Firstly, we need to deploy DLRover's ElasticJob Custom Resource Definition (CRD) on a k8s cluster
by the [tutorial](../tutorial/torch_elasticjob_on_k8s.md). Then, we can use `dlrover-run` in
the command of Pod container like

```bash
# NODE_NUM is the default env of ElasticJob
dlrover-run --nnodes=${NODE_NUM} --max_restarts=2 --nproc_per_node=8 \
    fsdp_train.py --n_layer 48 --n_head 16 --n_embd 1600 \
    --data_dir './' --epochs 50 --save_memory_interval 50 \
    --save_storage_interval 500
```

If Kubeflow/PytorchJob has been deployed on the k8s cluster, we can directly use `dlrover-run` in the
command of a PytorchJob Pod container. Just two environment variables need to be set up.

```bash
NODE_RANK=$RANK DLROVER_MASTER_ADDR=$MASTER_ADDR:$MASTER_PORT \
dlrover-run --nnodes=$NODE_NUM --nproc_per_node=$NUM_TRAINERS \
fsdp_train.py --n_layer 48 --n_head 16 --n_embd 1600 \
    --data_dir './' --epochs 50 --save_memory_interval 50 \
    --save_storage_interval 500
```

In this case, we use PyTorchJob's MASTER_ADDR and MASTER_PORT for the master process of DLRover.
`dlrover-run` adopts the dynamic networking strategy of torchrun, which does not require
pre-configuring MASTER_ADDR and MASTER_PORT.

### Future Plans

Multi-node in-memory redundant backup checkpoint: DLRover's Flash Checkpoint currently allows for direct
recovery from memory after a process restarts.
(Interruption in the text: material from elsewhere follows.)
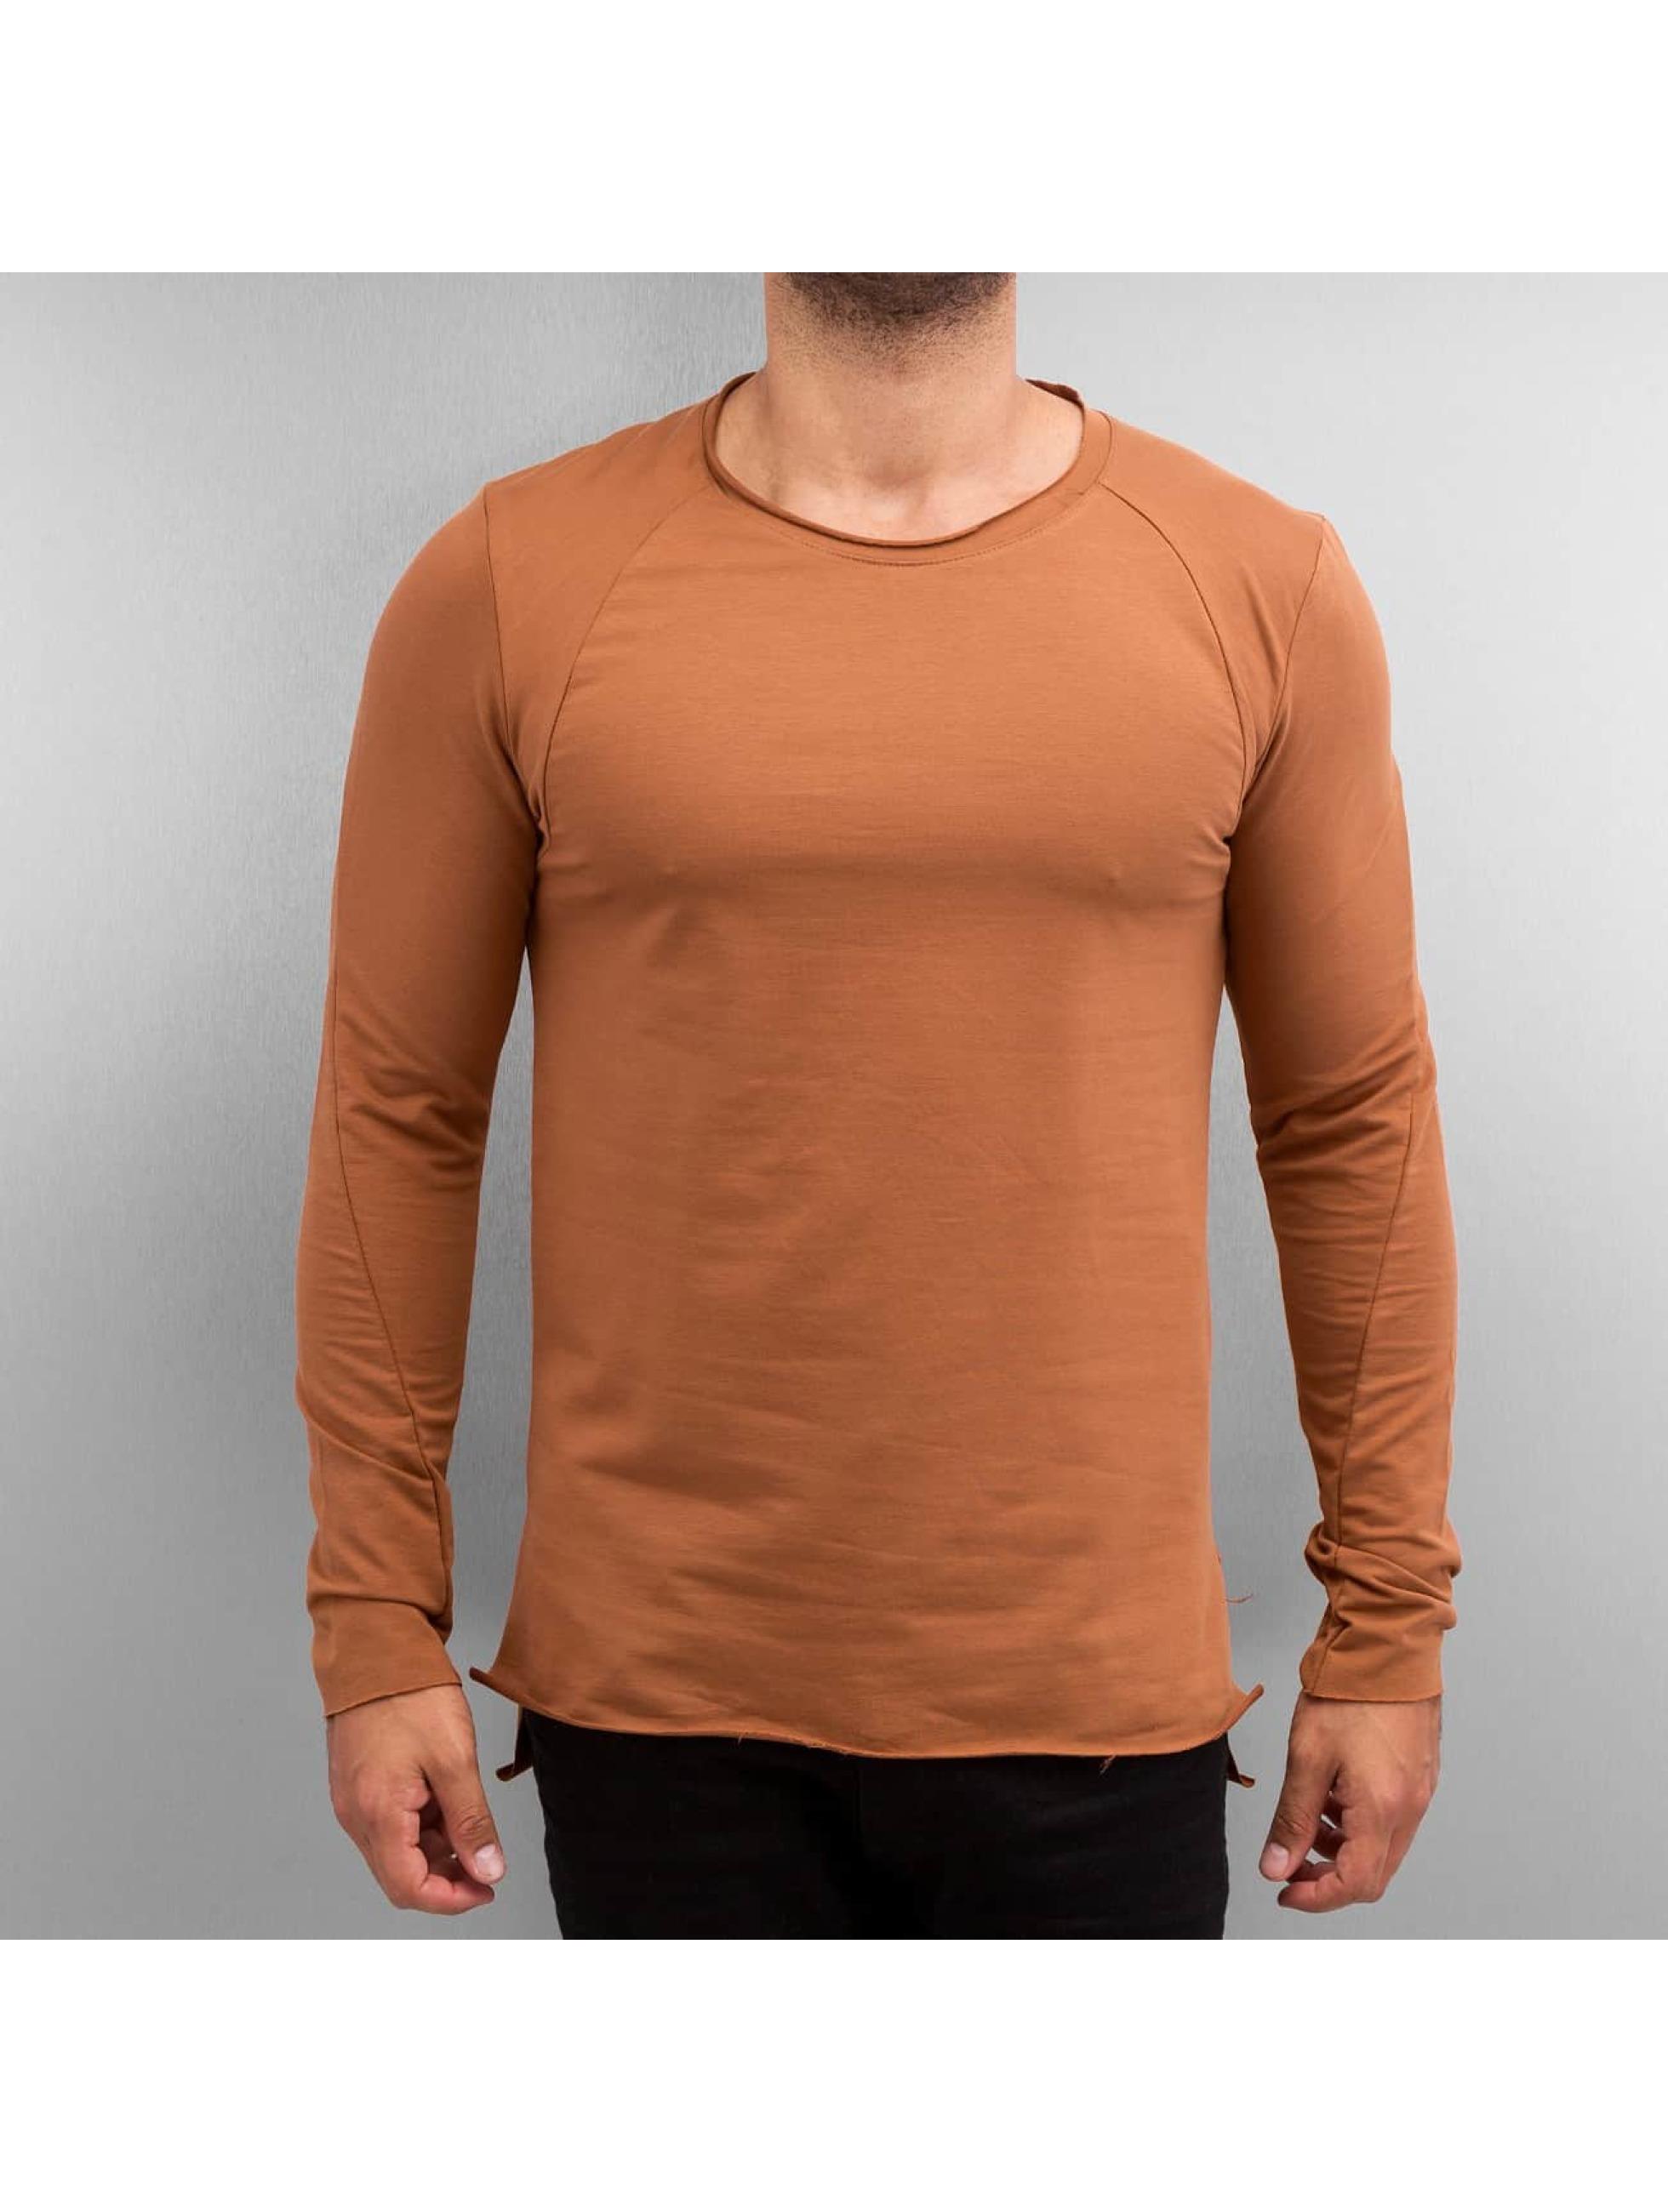 2Y Longsleeve Wendell orange

However, if a node crashes, its memory is also cleared,
and the training can only restore checkpoint from storage system. Subsequently, we will experiment
with multi-node memory backup of checkpoint model and optimizer states. This way, if some machines fail,
DLRover can read its own checkpoint data from the memory of other surviving Pods to avoid reading
from the storage system.

Distributed cache with SSD: It is now possible to deploy filesystems such as Alluxio on k8s,
which can centrally utilize the SSDs in the cluster. After a failure occurs, Flash Checkpoint
could write checkpoints to a distributed cache weith SSD rather than a remote filesystem,
which could also significantly reduce I/O overhead.